Data-obsessed companies are so popular precisely because they embrace practices that are not popular.

Here in Europe, we have a choice to make. Do we want to accept the rules of the digital game – rules that were, whether we like it not, drafted by American and international competitors?

Or do we want to pretend that Europe is an island, a place where we can play the same game but by different rules?

Companies like Google, Facebook and Amazon – each of which has come under fire in Europe for data collection and privacy – are obsessed with providing services. They care about who you are.

Sure, they care in a digital way, a data-driven way. They want to know about your cookies and purchases, not your aspirations and emotions. But these companies wouldn’t dominate the digital world if they didn’t care about their users.

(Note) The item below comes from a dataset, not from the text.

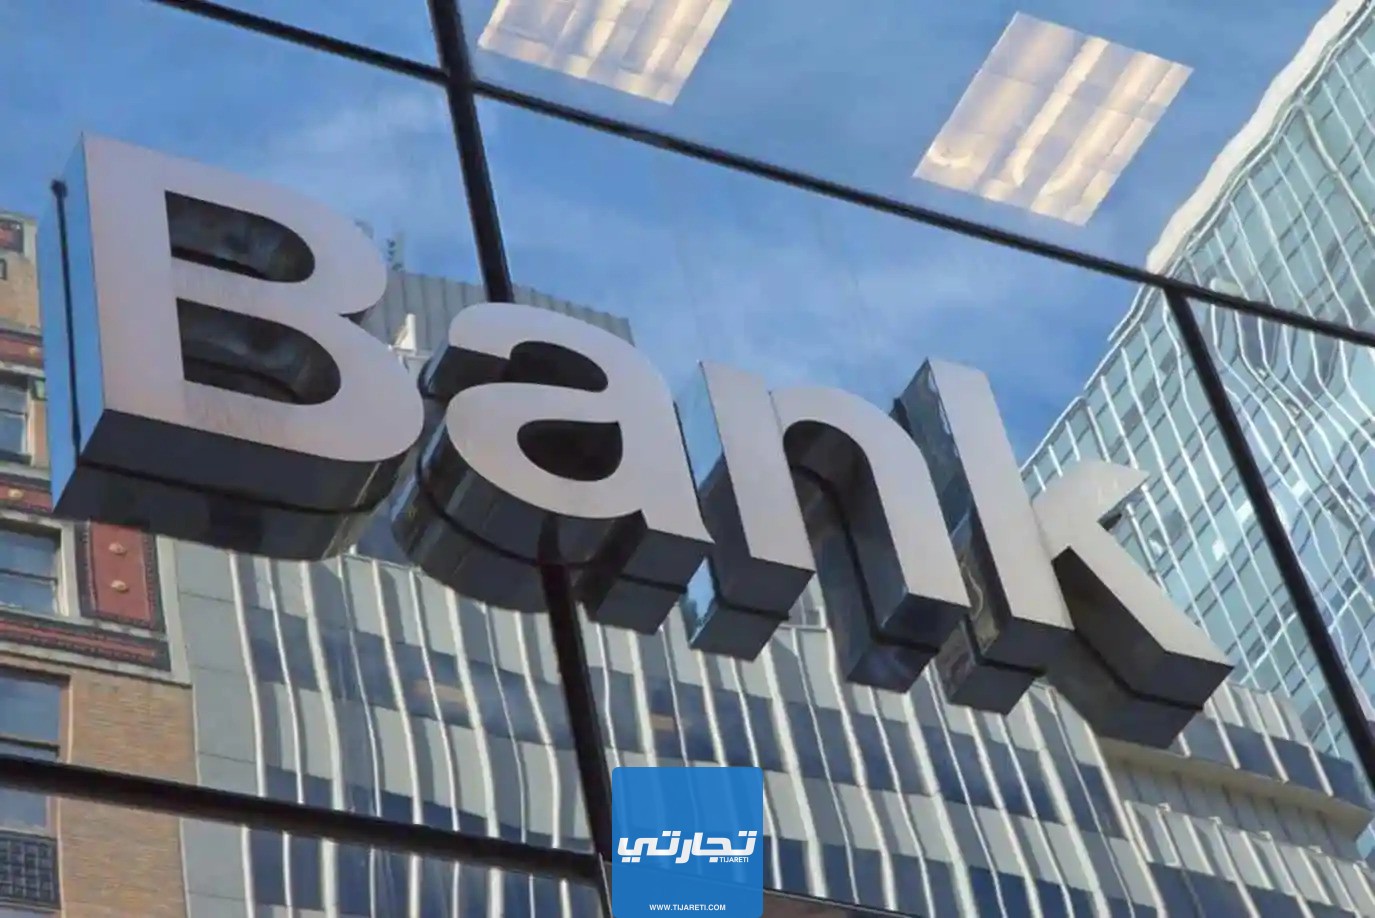 حالات وصول الحوالة بين البنوك المحلية السعودية بشكل فوري
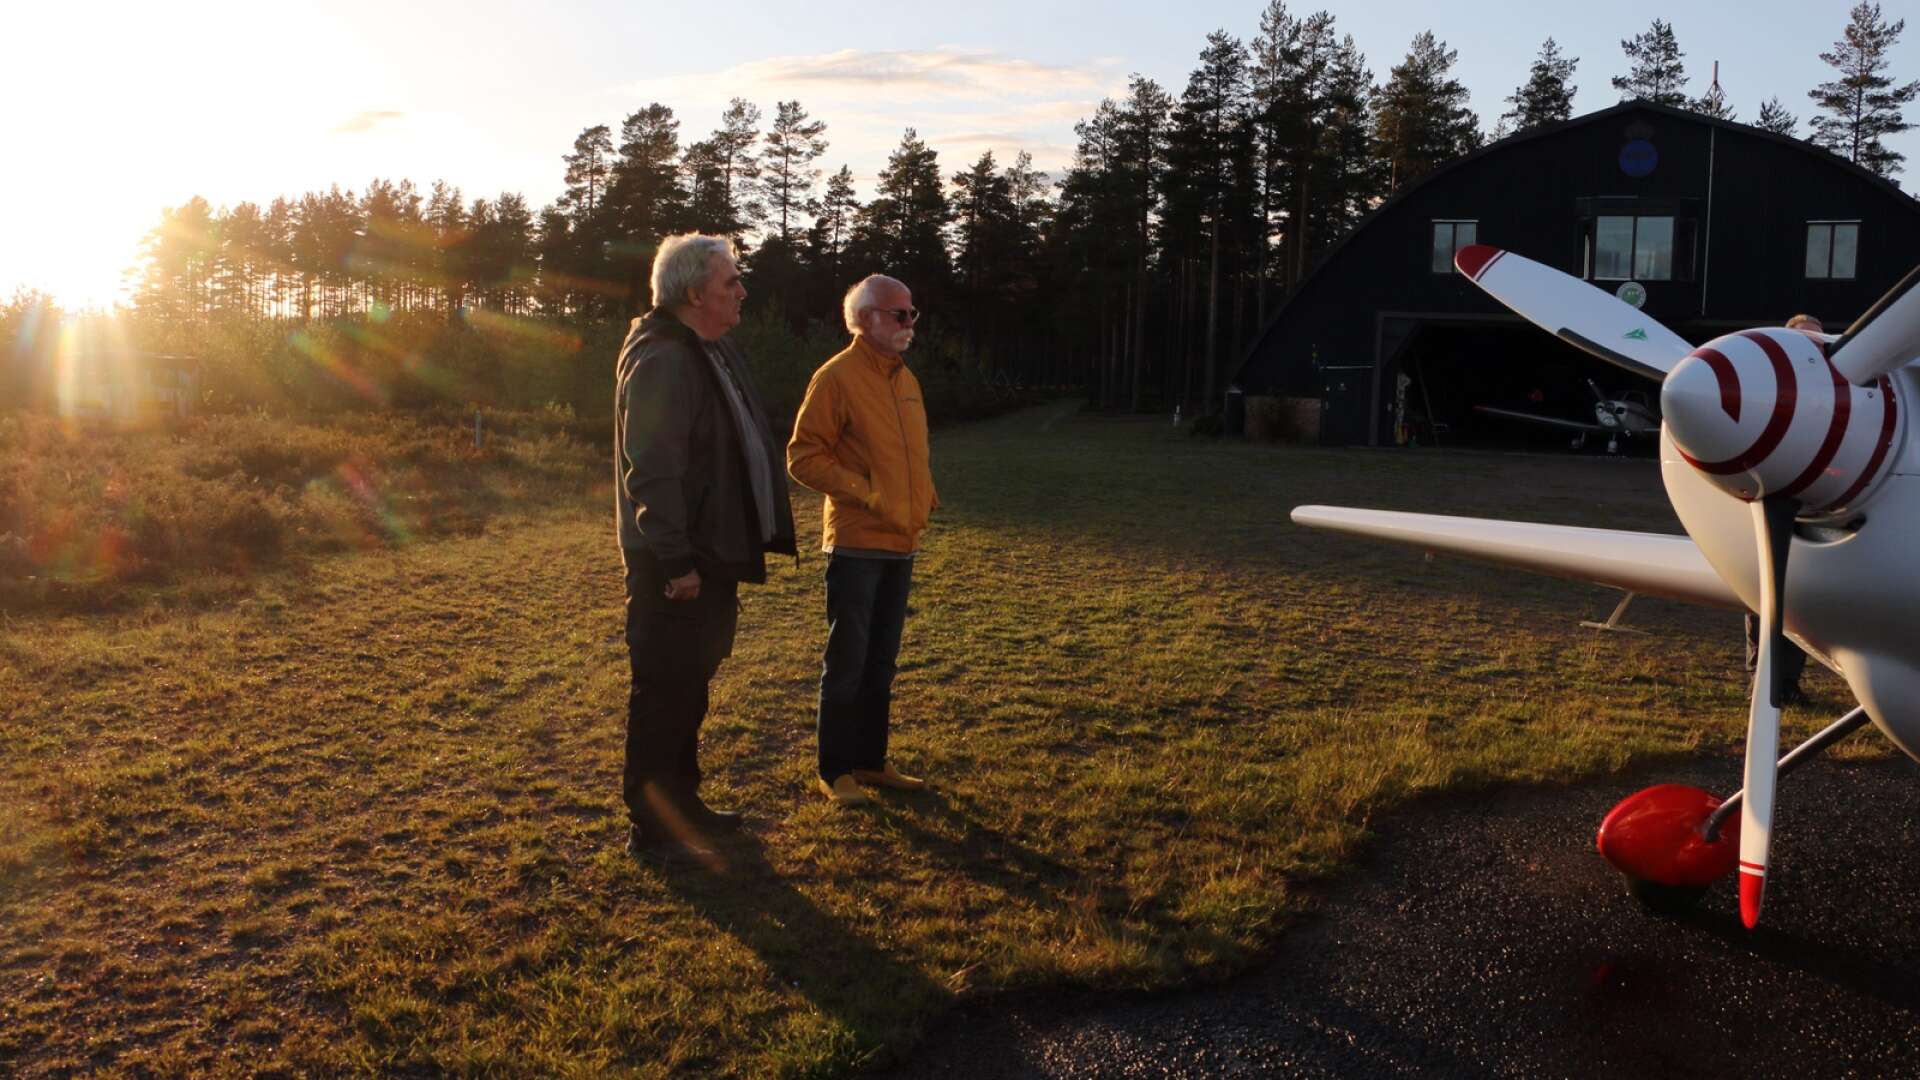 Brattforshedens flygklubb är en aktiv flygklubb. Från vänster Kim Bergman, ordförande i klubben, och Charlie Bäckstrand, sekreterare.

To be sure, they don’t care about European notions of privacy.

Earlier this month, Mark van der Linden, a European Country Manager for American cloud storage provider Dropbox, was asked about European Commission talks to stiffen privacy rules.

“I’m a businessman and I prefer to concentrate on things we can control,” van der Linden said.

“I follow the news, I’ve seen the proposals,” he added. “What we’re doing now is focusing on what we control and the growth of the business.”

In other words, Dropbox is worrying about its 300 million users – 120 million of whom are in Europe – and not about privacy discussions that started years ago and are nowhere near finished.

And while Europe is pondering ways to slow down a multibillion-dollar company, the U.S. is likely to create another one.

Consumers already have two feet planted in the digital sphere. Sure, they grumble about the rules. They wonder if targeted ads know them a bit too well, and they are annoyed by all the emails telling them to buy stuff.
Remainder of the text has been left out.